> **WHAT THE TASK ASKS**
Everything in the listing must be repeated exactly, apart from the images.
(INFORMATION PROVIDED)
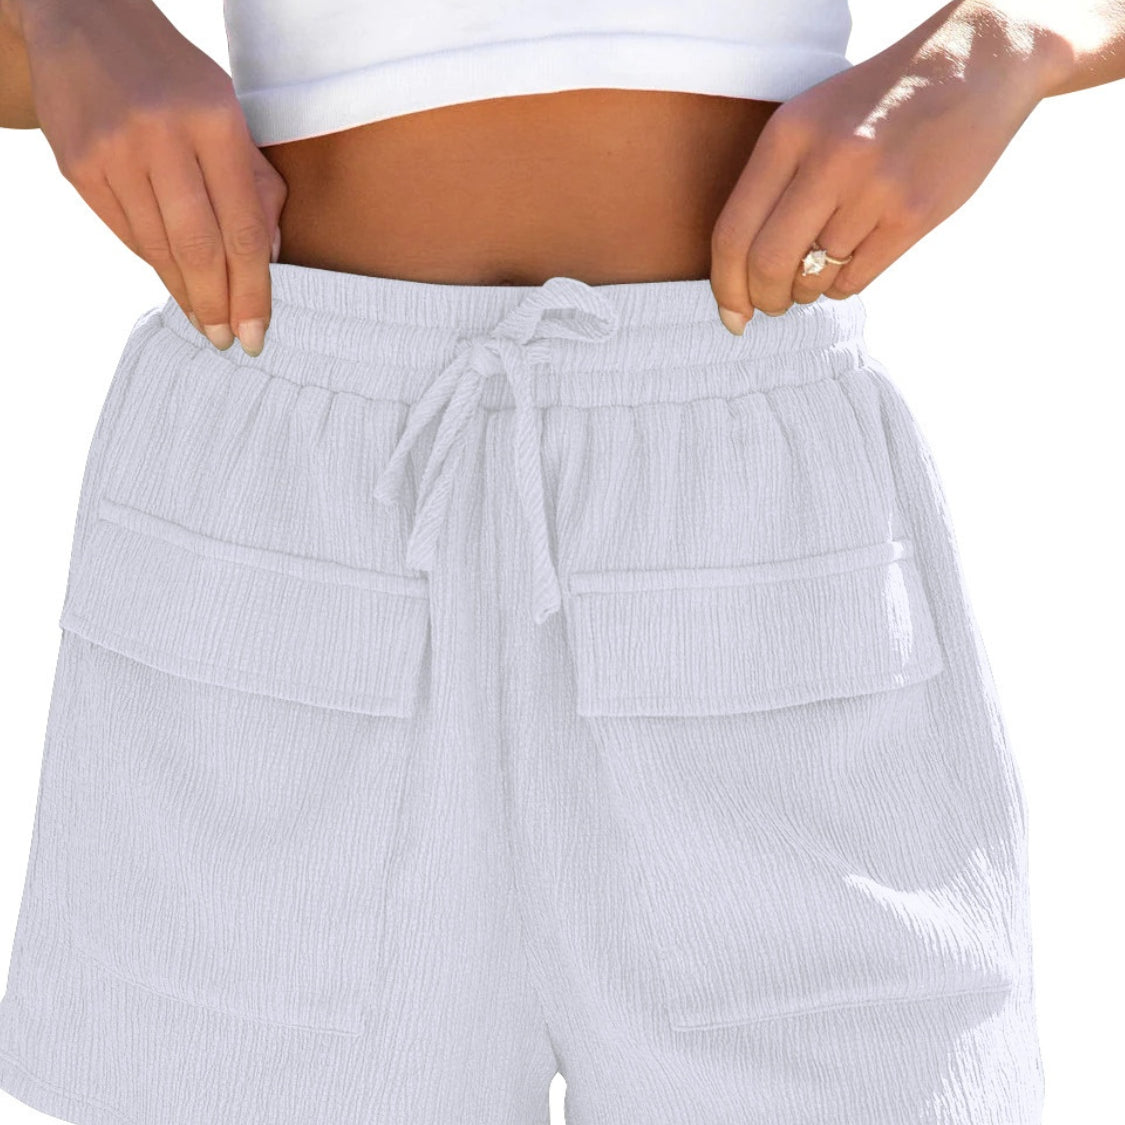 Drawstring High Waist Shorts with Pockets
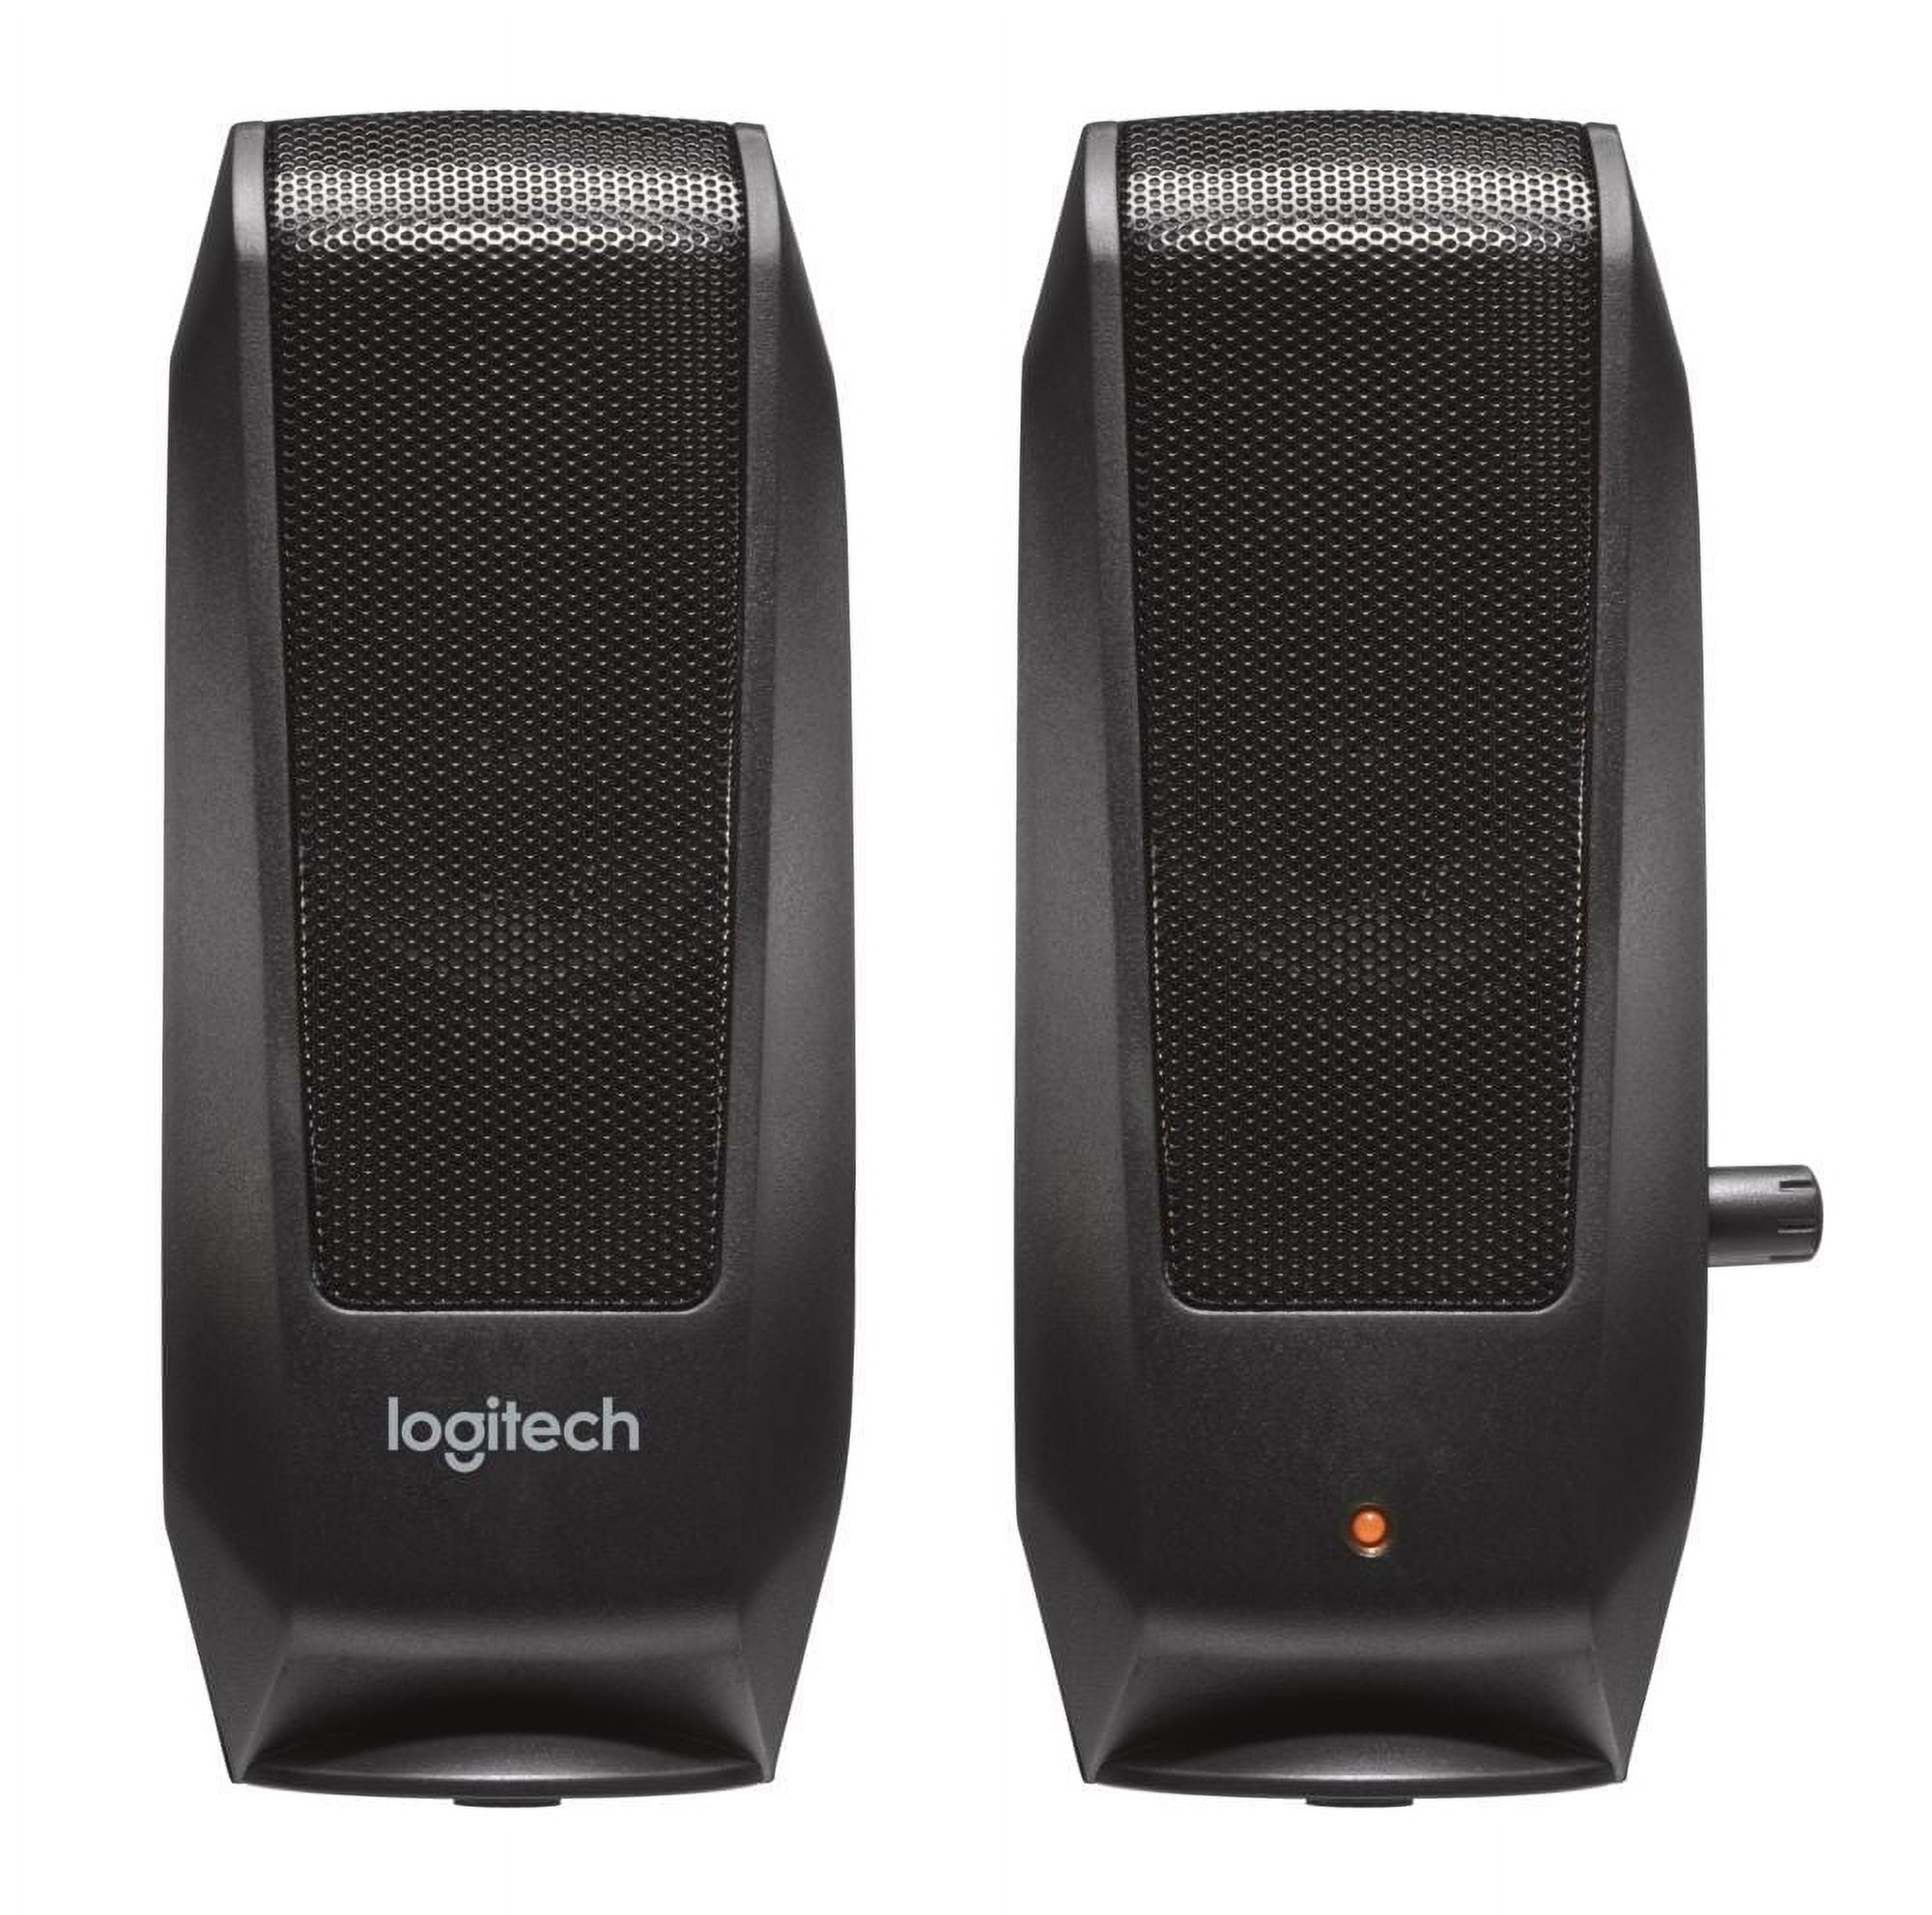 Logitech S120 Desktop Speaker System, Black - image 1 of 3
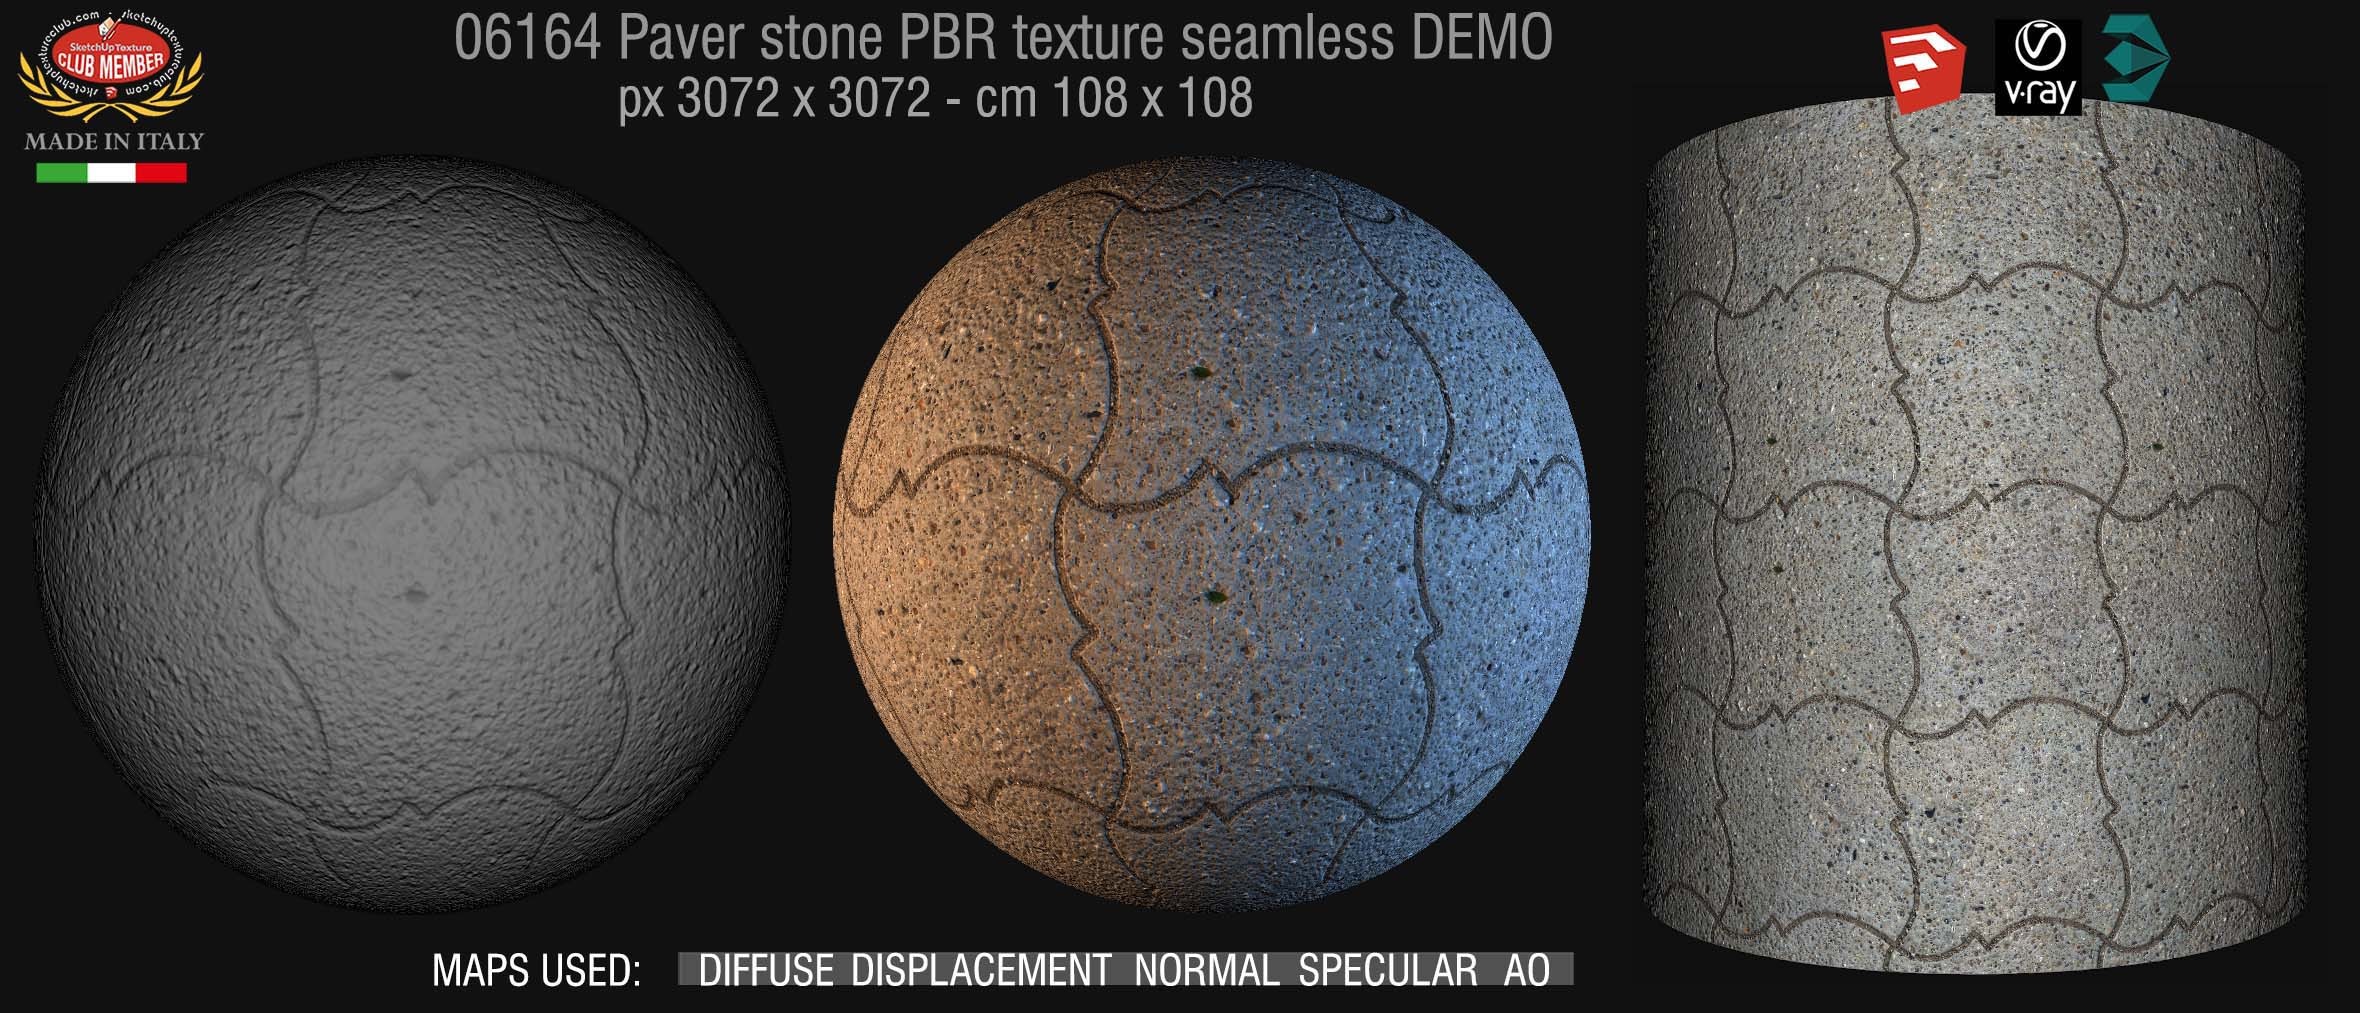 06164 paver stone PBR texture seamless DEMO
(End INFORMATION PROVIDED)
> **EXERCISE ANSWER**
 Drawstring High Waist Shorts with Pockets
 Logitech S120 Desktop Speaker System, Black - image 1 of 3
 06164 paver stone PBR texture seamless DEMO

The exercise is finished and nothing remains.